For those who wondered why there's no append or pop (similar to the other backtracking approaches) it's because strings are immutable. Everytime the call is made to the backtrack method, python creates a new string so when the method returns up the stack, the caller still has the original string without the concatenated letter.

best coding channel for DSA and best approaches. Love From India❤

His explanation makes it so easy to understand even for beginners

NeetCode your channel is going to be at the top someday. Good explaination and good code.... But one request: Whenever you get time. Just partition this playlist into either Data structure or algorithmic approach paradigm. Instead of just naming it Coding interview solutions.

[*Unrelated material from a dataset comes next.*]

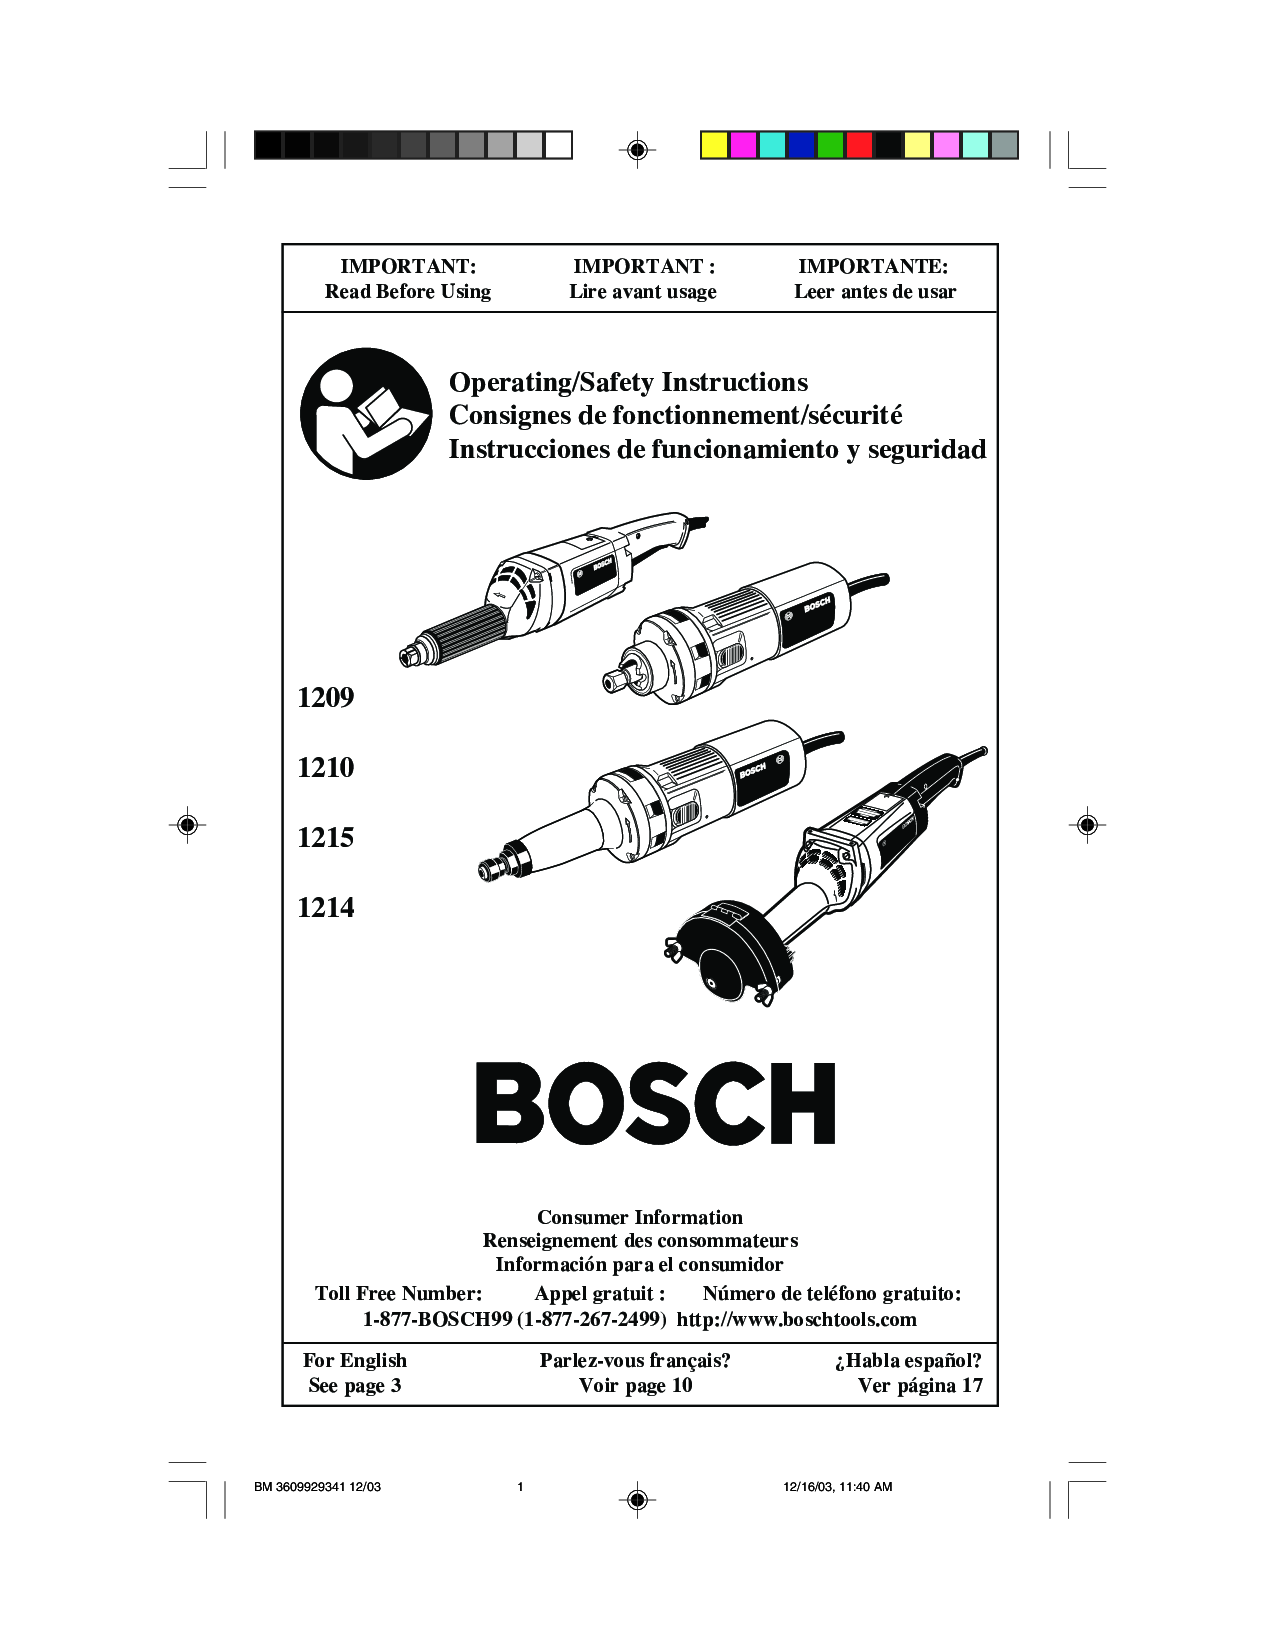 Bosch 1214 1209 1215 1210 User Manual
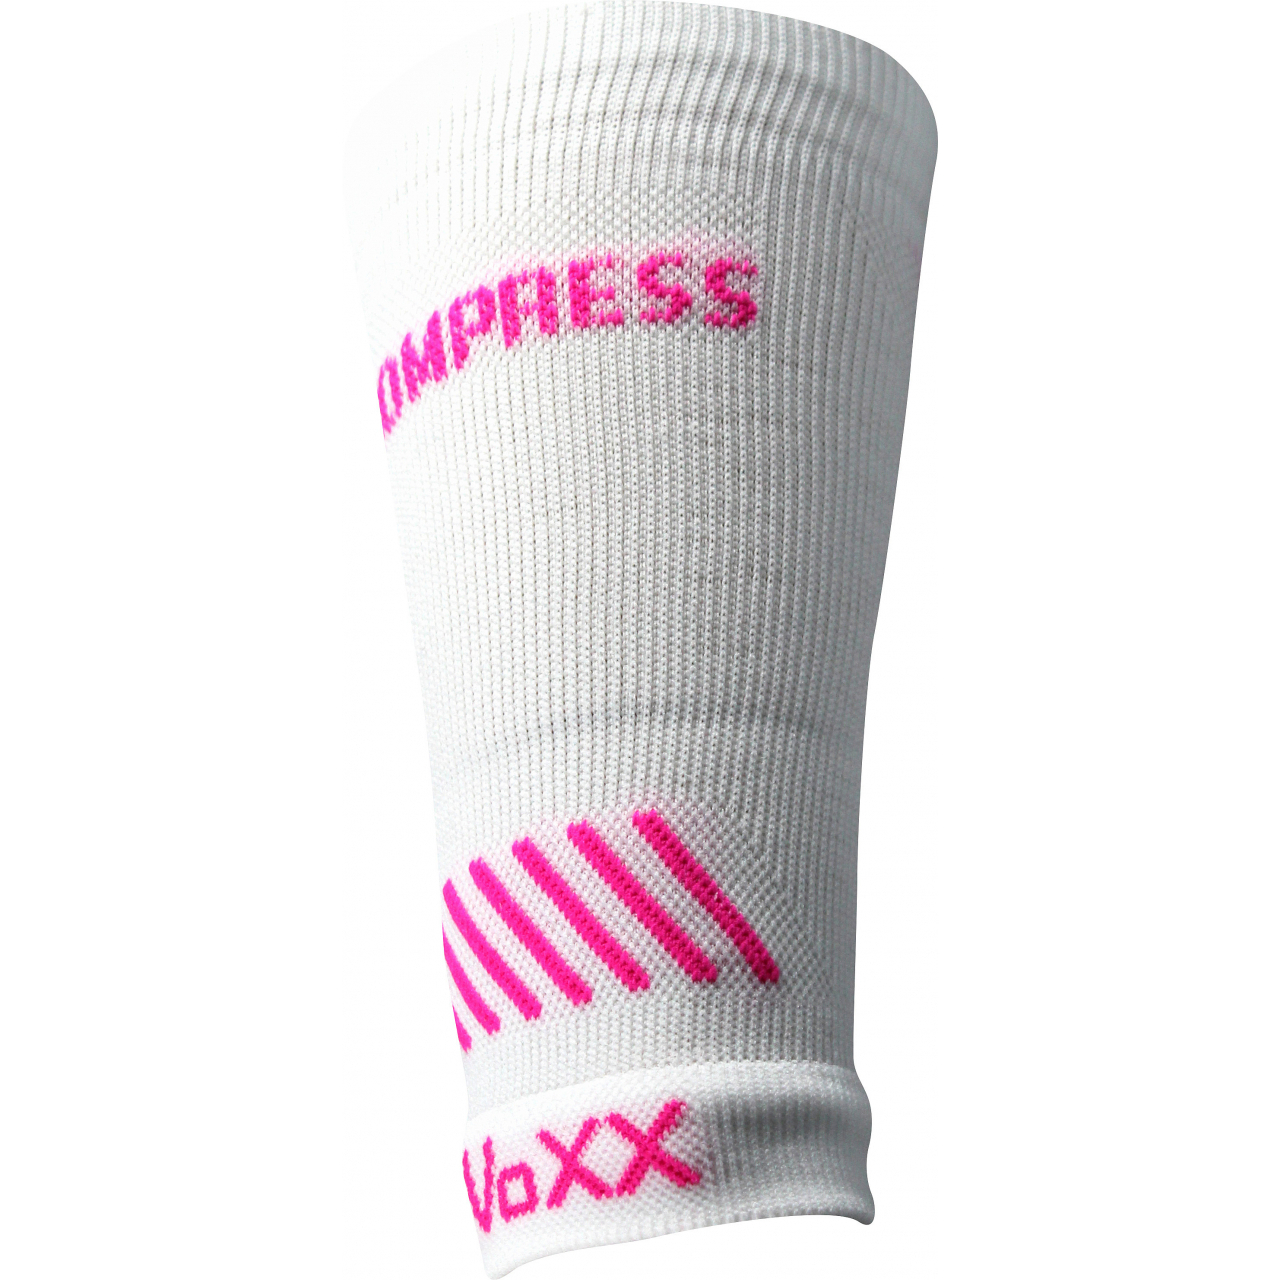 Návlek kompresní Voxx Protect zápěstí - bílý-růžový, L/XL

The time complexity would be worse than O(N*4^N) because you are passing curStr by value which means for each call to backtrack() you are performing a string copy. If you passed currStr by reference then N*4^N would be correct (but then you would need to also remove elements from the end of the string when backtrack() returned using pop). And for anyone still confused about the N in the time complexity given, at each of the solutions (of which there are at most 4^N), we are copying a string of length N to the result which is a linear time operation. So O(4^N * N).

I've learned not to trust leetcode's runtime number because I ran the same algorithm twice and the first time it put me in the bottom 5% and the second it put me in the top 25%.

This helped me with getting through a coding problem to find out possible pins from a keypad! Thanks a ton this makes recursion a little less scary!

I somehow coded the solution myself, but wasn't sure why it worked. You have the best explanations

Hi Neet, loved the solution- it was very concise and simple. One thing I would add to the explanation is that you made it seem like it was a breadth first solution instead of a depth first solution inside your diagram segment. The for-loop executes after each backtracking return, not when they are called. In other words, the next iteration of the for loop is only executed after the first completed string.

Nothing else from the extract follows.